La noticia de que era portador cayó en el vacío; la escopeta de don Bernardino marró el tiro lastimosamente. ¡A buen puerto iba con sus historias de empréstitos, sabidas de memoria y olvidadas de puro sabidas! Que se hacía el empréstito; perfectamente, ¿y qué? ¿quién beneficiaba de él? ¿el país? ¿el comercio? ¡Quite usted allá, señor don Bernardino! Muchos se encogían de hombros. Y el oro, desconfiado como ninguno, asentado con firmeza sobre el 348, no se movía, imperturbable; apostrofábanle los bajistas, le hostigaban los alcistas, y él, quieto, cansado, sin duda, de su ascensión violenta, esperando nuevas fuerzas para seguir su vuelo de águila. Esteven, entretanto, se irritaba. El creía que la salvación de todos estaba en el empréstito; es una deuda que se contrae para pagar otras deudas, es pedir al vecino de enfrente, lo que se debe al vecino del lado; pero lo principal, lo esencialísimo es tener dinero, venga de donde viniere. Se alborotaba con esto. Le parecía verse ya, en compañía del ilustre Eneene, hundiendo las pecadores manos en las arcas recién llegadas, acariciar las flamantes monedas y atiborrarse de ellas los bolsillos, glotonamente.
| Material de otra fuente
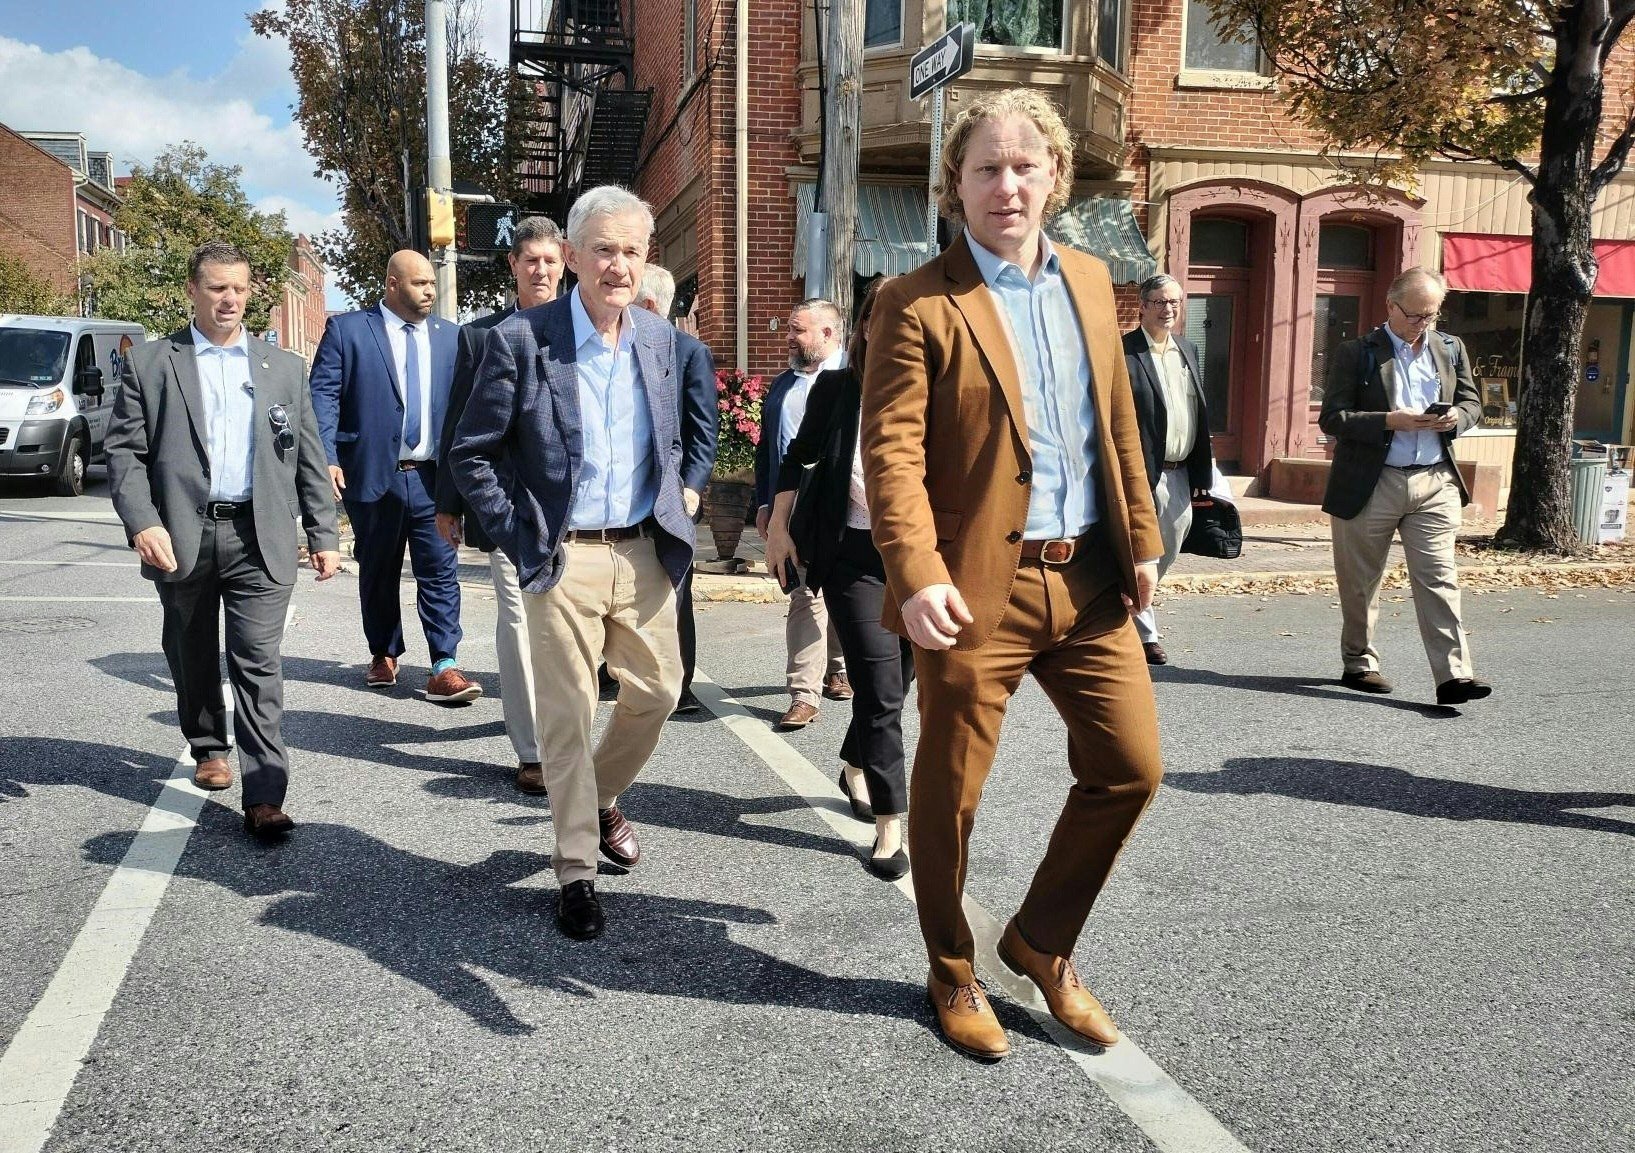 US Federal Reserve chairman Jerome Powell (centre) and Kevin Schreiber (foreground), president of the York County Economic Alliance, walk down the street during a visit to York, Pennsylvania, on October 2, to meet local economic players. Photo: AFP

Su cara reflejaba la concupiscencia en que ardía; sus ojos se cerraban, para mantener por más tiempo la deslumbradora visión: un río de oro deslizándose con suave murmullo, y él, en la orilla, llenando sus cántaros, tan numerosos que no podían contarse.
Rocchio le vió venir y se le echó encima.
—¡Lucidos estamos, señor Esteven!—dijo sacudiendo su cabeza de león.—¿Qué le parece a usted?
Llevóle hasta la pizarra y le señaló la prodigiosa cifra, 348, como se muestra un cometa en el cielo.
—¿No lo ve usted bien?—repuso el italiano,—pues empínese sobre la punta de los pies, porque está muy alta, o eche usted mano de un telescopio; un simple anteojo no basta.
Los dos, pasmados, se callaron. De los ojos de don Bernardino huyó la dorada visión, y sintió los escalofríos de la realidad. Rocchio, que le tenía bajo su mano, no pensó en soltarle; deseaba averiguar muchas cosas, descifrar la charada de don Raimundo. Lo primero que hizo fué preguntarle por el negocio magno concertado entre ambos. Y entonces Esteven habló muy bajo, con misterio, como si tratara de un crimen y temiera verse descubierto.
—Mal, mi amigo; ¡buenos están los tiempos! Todo lo que he conseguido, es que la propuesta sea incluída en las sesiones de prórroga.
—Pero entonces el diputado aquel...
—Se ha dado vuelta en el último momento.
—Haber doblado la propina, haberla triplicado—exclamó Rocchio con impaciencia.